Jeśli masz soundstorma i sb live, to (przynajmniej na linuksie) sb live to dużo lepszy wybór, bo drivery alsy obsługują dla tej karty hardware mixing (co umożliwia odtwarzanie naraz wielu źródeł dzwięku bez potrzeby konfigurowania czegokolwiek i zbędnego zużycia procesora).

----------

## n0rbi666

Hmmm

skoro to jest lepszy wybor, to moze kiedys przesiade sie na SB Live  :Smile:  tylko teraz i tak czesto korzystam z windowsa, a tu lepsze sterowniki (pod wzgledem obslugi przez gry) ma Soundstorm (do SB Live uzywam KX project, co wogole nie wspiera EAX ani nic takiego  :Smile:  )

no ale najwazniejsze, ze na razie dziala, chociaz jak XMMS jest wlaczone to Xine rwie dzwiek, ale za to Mplayer smiga  :Smile: 

----------

## Zwierzak

Bo we wszystkich programach musisz ustawić pobsłgue sterowników alsy, ja jak uzywam bmp i mplayera wszystko mam dobrze, moge sobie nawet bez problemu uruchomic kaffeine (xine dla kde)

----------

## n0rbi666

Ehh no oczywiscie ze w Xine odpalilem obsluge alsy  :Wink:  i przeciez gralo, tylko zcinalo  :Wink: 

hmm i zobacze co to to kaffeine  :Wink: 

a i tak na razie sie bawie we flagi, a temat ten uwazam za zamkniety na razie, jak ktorys mod zobaczy to zamknac prosze, a jak cos to napisze zeby otworzyc kiedys ;]

----------

## Criss-PL

Moze troszke nie czaje ale gdzie mam stworzyc/zapisac plik ktory potrzebny jest do odpalenia dmix?

Był bym wdziecznya za odp.

----------

## n0rbi666

~/.asoundrc -> czyli wyladuje to w katalogu roota  :Wink: 

a ja mam takie glupie pytanie : gdzie sa trzymane globalne ustawienia alsy i dmixa ? tzn alsa to /etc/modules.d/alsa , a dmix ? bo robie w katalogu roota, ale jak odpalam gentoo (alsa sie wlacza), ale dzwiek idzie na sb live ( a w ustawieniach asoundrc mam ze ma isc na Soundstorma), musze dopiero jako root zastopowac alse i odpalic, i jest wtedy spoko ....

co przeoczylem w konfigu ??

----------

## Criss-PL

Na twoje pytanie Ci nie odp. ale mam jeszcze lepsze:

Czy dmix dziala takze po wejsciu na zwykle konto czy musze ten plik utworzyc takze tam???

----------

## Criss-PL

OK. Problem rozwiazany ale jest inny?

Kiedy wciskam stop w xmms (tzw. pause), to po ponownym wcisnieciu jej nie slysze nic.
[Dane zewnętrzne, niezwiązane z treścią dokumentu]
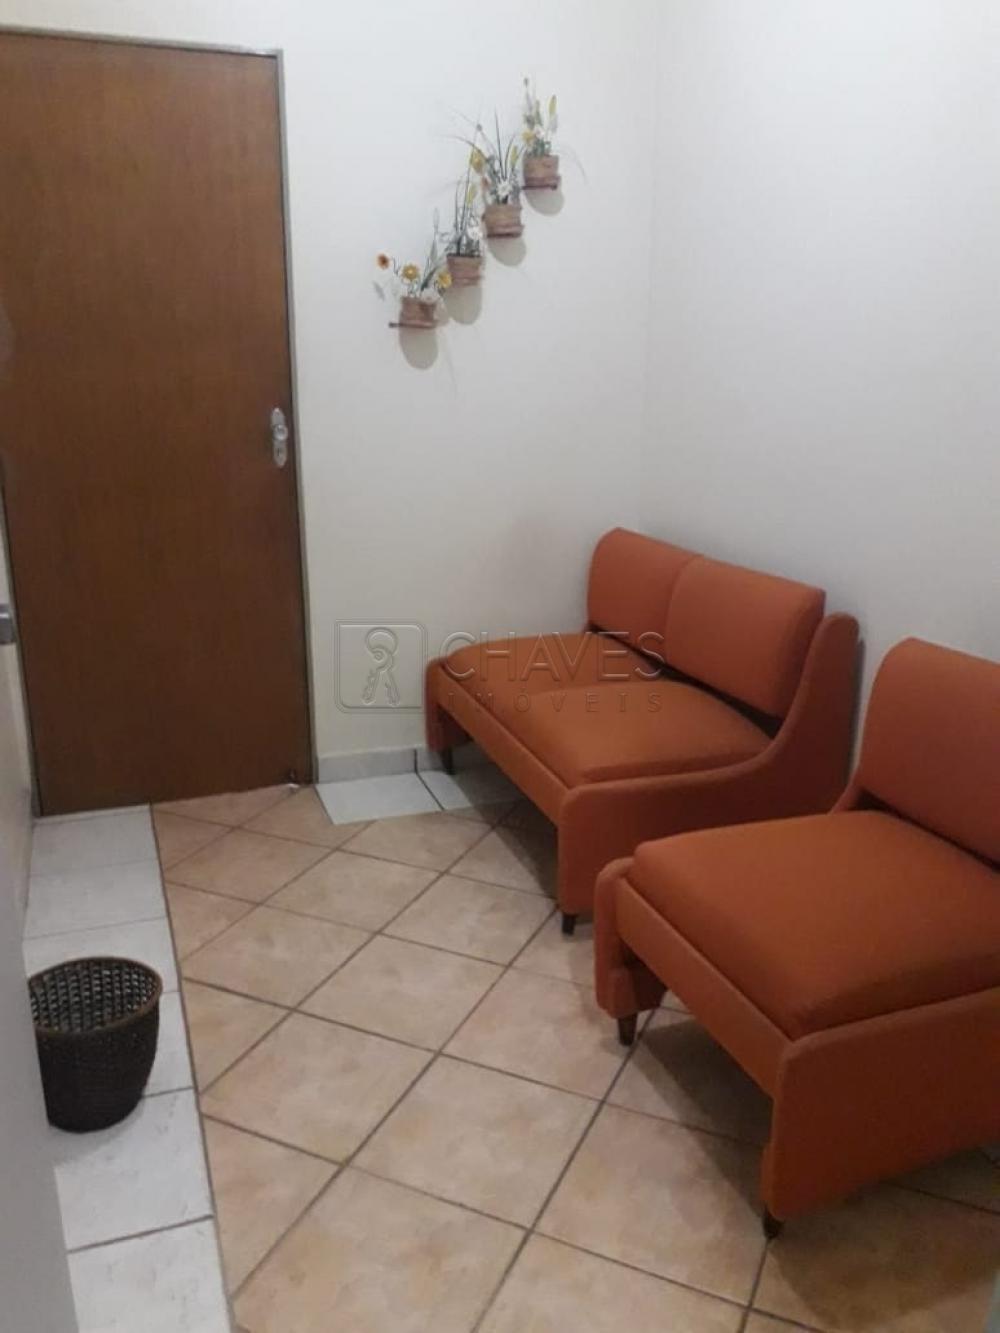 Comprar Apartamento / Padrão em Ribeirão Preto apenas R$ 234.000,00 - Foto 2

Dzwiek stoji na amaen. Jedyne wyjscie to wcisniecie paly. Moze to glupie ale ktos wie dlaczego tak sie dzieje i jak mozna to rozwiazać? Mam nforce2 (intel8x0) i konfig:

 *Quote:*   

> 
> 
> pcm.nforce-hw {
> 
>         type hw
> ...

 

Jesli ktos ma jakas rade to chetnie sie z nia zapoznam...

----------

## Dawid159

 *Criss-PL wrote:*   

> Kiedy wciskam stop w xmms (tzw. pause), to po ponownym wcisnieciu jej nie slysze nic.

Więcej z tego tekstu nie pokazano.